Dimethyl sulfoxide (DMSO), dimethylformamide (DMF), and N-methyl-2-pyrrolidone (NMP) were used as stereoselectivity additives during electroreduction. With 107.5 mM DMSO in methanol containing potassium bromide and a continuous current of 20 mA, 936 Coulombs was passed into the electrolysis system, achieving 88.5 % conversion of 7-ketone lithocholic acid (7K-LCA), while the yield of UDCA reached 72.8 %. Cyclic voltammetry (CV) was used to explore the electrochemical behavior of the reaction, and the electrolysis results were consistent with the cyclic voltammograms.
Ursodeoxycholic acid can be prepared by electroreduction with high stereoselectivity.
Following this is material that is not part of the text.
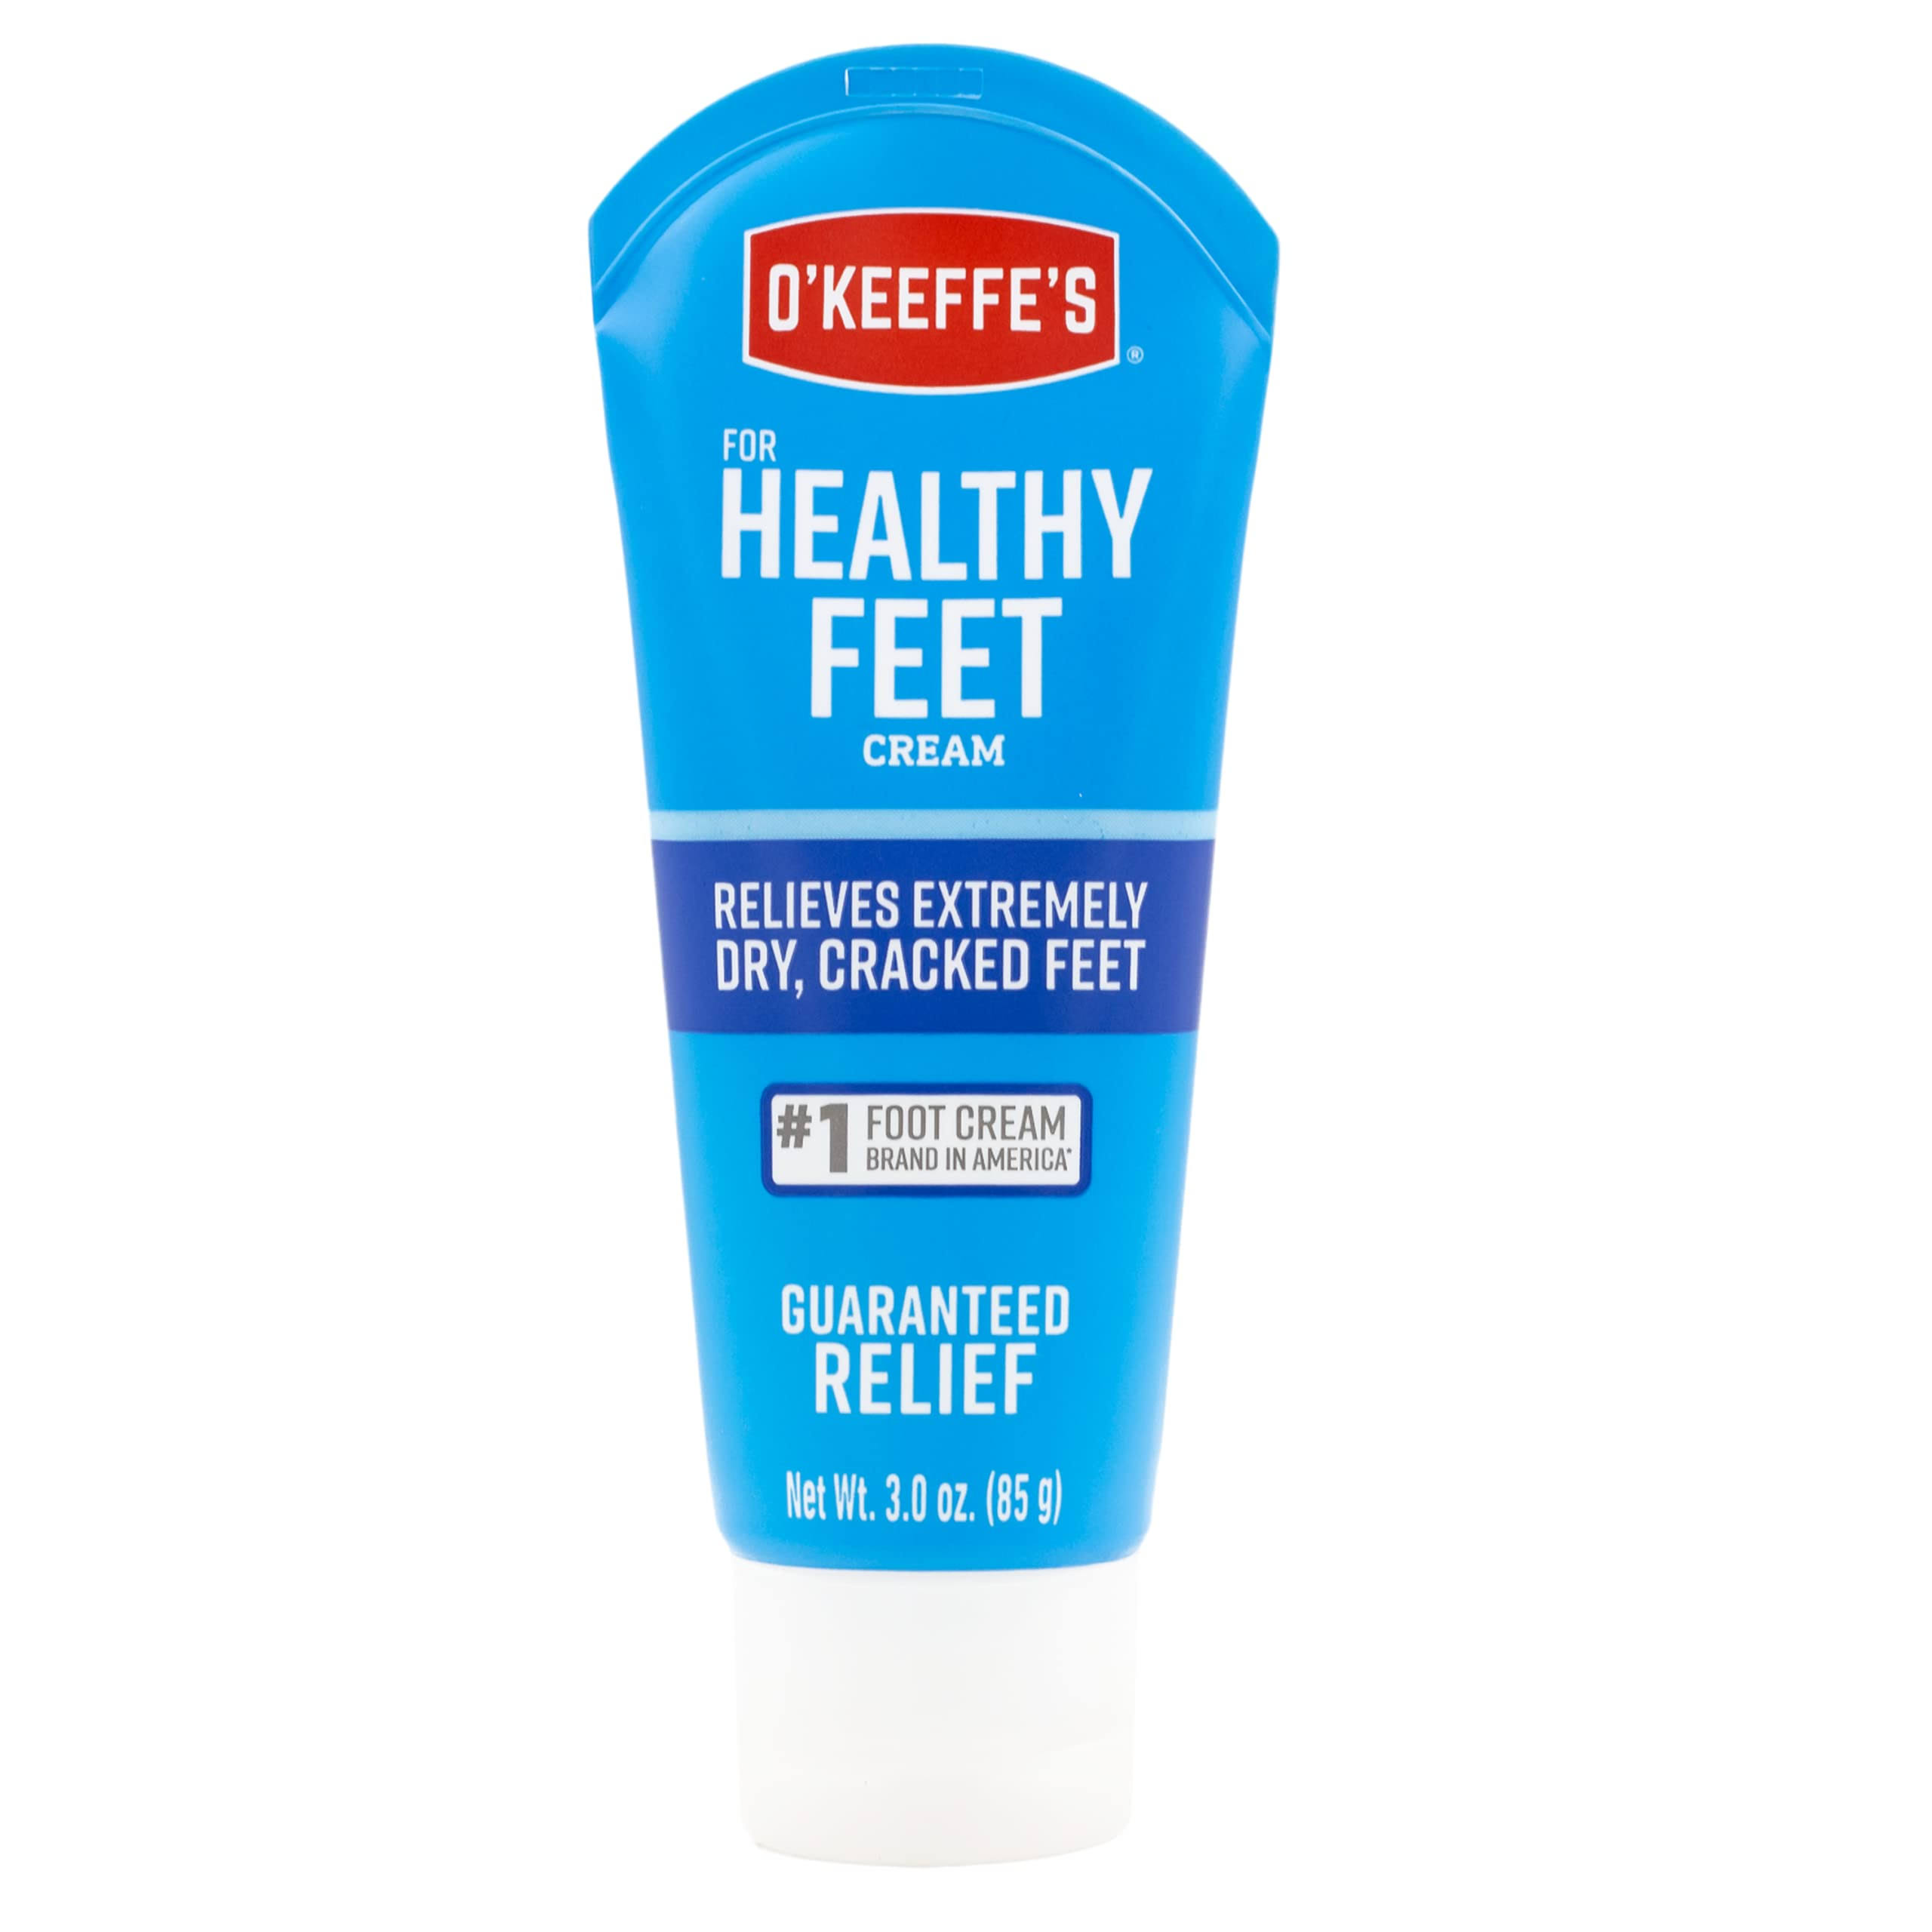 O'Keeffe's for Healthy Feet Foot Cream - 85g

The method developed here offers a potential application for large-scale production of ursodeoxycholic acid and an interesting reference to asymmetric electrochemical reduction of the keto group.
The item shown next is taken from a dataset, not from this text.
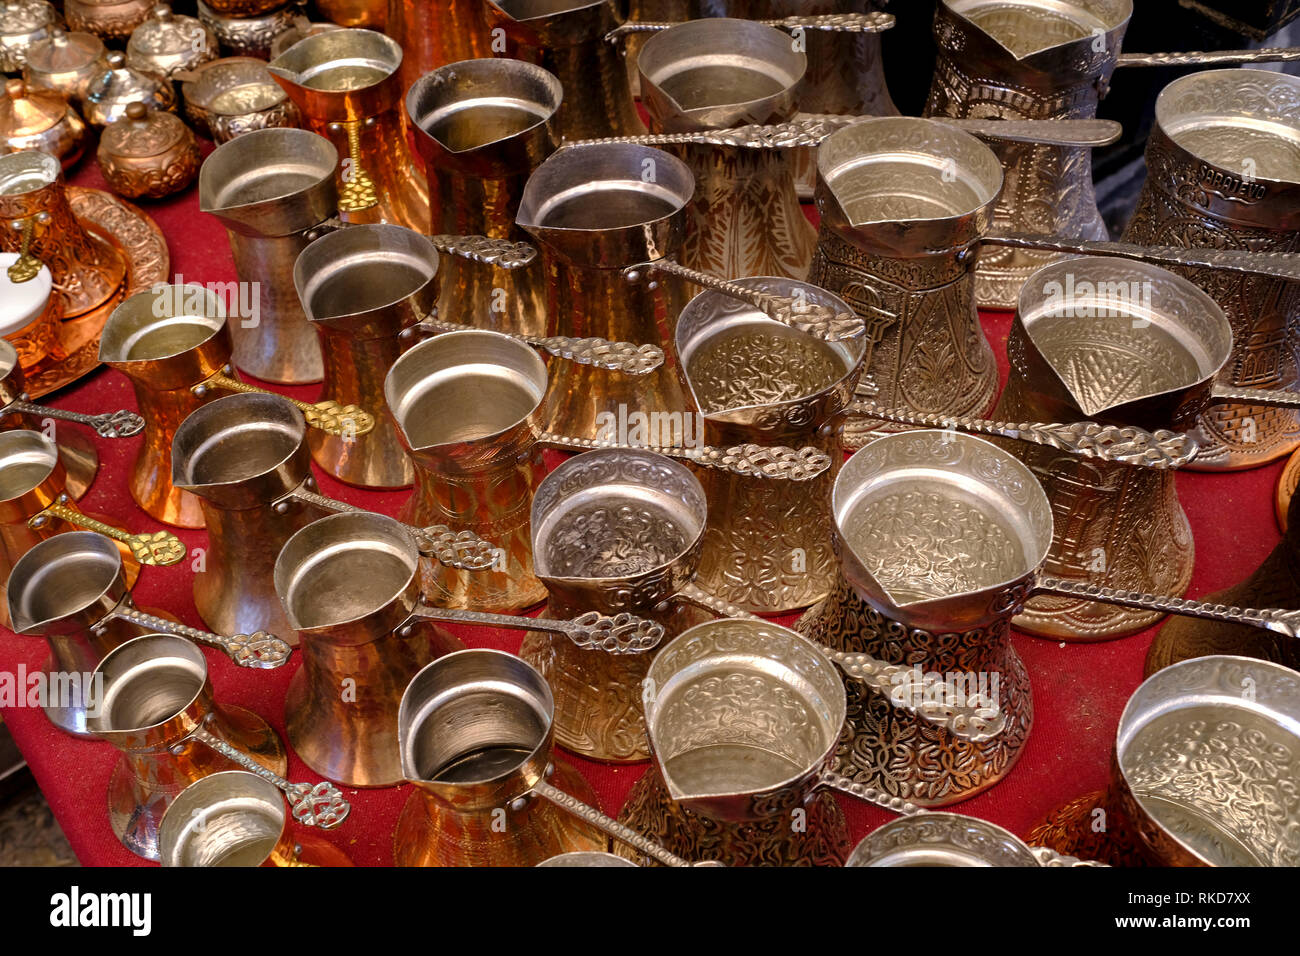 Dzezva (Bosnian coffee pots) on display at the Bascarsija bazaar in Sarajevo, Bosnia and Herzegovina. Stock Photo

Ursodeoxycholic acid (3α, 7β-2-hydroxy-5β-bile acid, UDCA) was first found by Shoda  in the bile of a black bear. It is used as a clinical drug in the treatment of gallstones, cholecystitis, PBC, and PSC and has broad market prospects and important scientific research value [2–9]. Kanazawa et al.  first synthesized ursodeoxycholic acid in 1954 by reducing 7-ketolithocholic acid (3α-hydroxy-7-oxo-5β-cholanic acid, 7K-LCA) in n-propyl alcohol by using metallic sodium with a 14 % yield. At present, the industrial production of ursodeoxycholic acid is based on the synthesis process outlined by Kanazawa. Bharucha and Slemon  demonstrated that 7K-LCA could be reduced to UDCA in an electrolyte containing short-chain alcohol, preferably with weakly acidic dipolar additives such as hexamethylphosphoric triamide (HMPA) with ruthenized titanium or mercury electrodes, and a 91 % yield of UDCA could be obtained. Magni et al.  stated that a 97 % yield of UDCA could be obtained by catalytic hydrogenation of 3α-hydroxy-7-oxo-5β-cholanate using Raney nickel as the catalyst and beta-branched alcohols as the solvent in the presence of a base at 40 °C and atmospheric pressure. 3α-Hydroxy-7-oxo-5β-cholanate dissolved in alcohols could also be reduced to UDCA by hydrogen at a pressure of 0.5 MPa and a temperature of 80 °C catalyzed by Raney nickel, giving a 92.5 % yield of UDCA . In addition, some biological methods are developed in recent years and showed high potential for industrial application [14, 15]. Herein, 3α-hydroxy-7-oxo-5β-cholanate was formed by adding hydrate to 7K-LCA. Currently, there have been very few reports on the preparation of ursodeoxycholic acid by an electrochemical method, despite the fact that it is a relatively simple and safe process that does not require harsh reaction conditions or complicated reaction steps.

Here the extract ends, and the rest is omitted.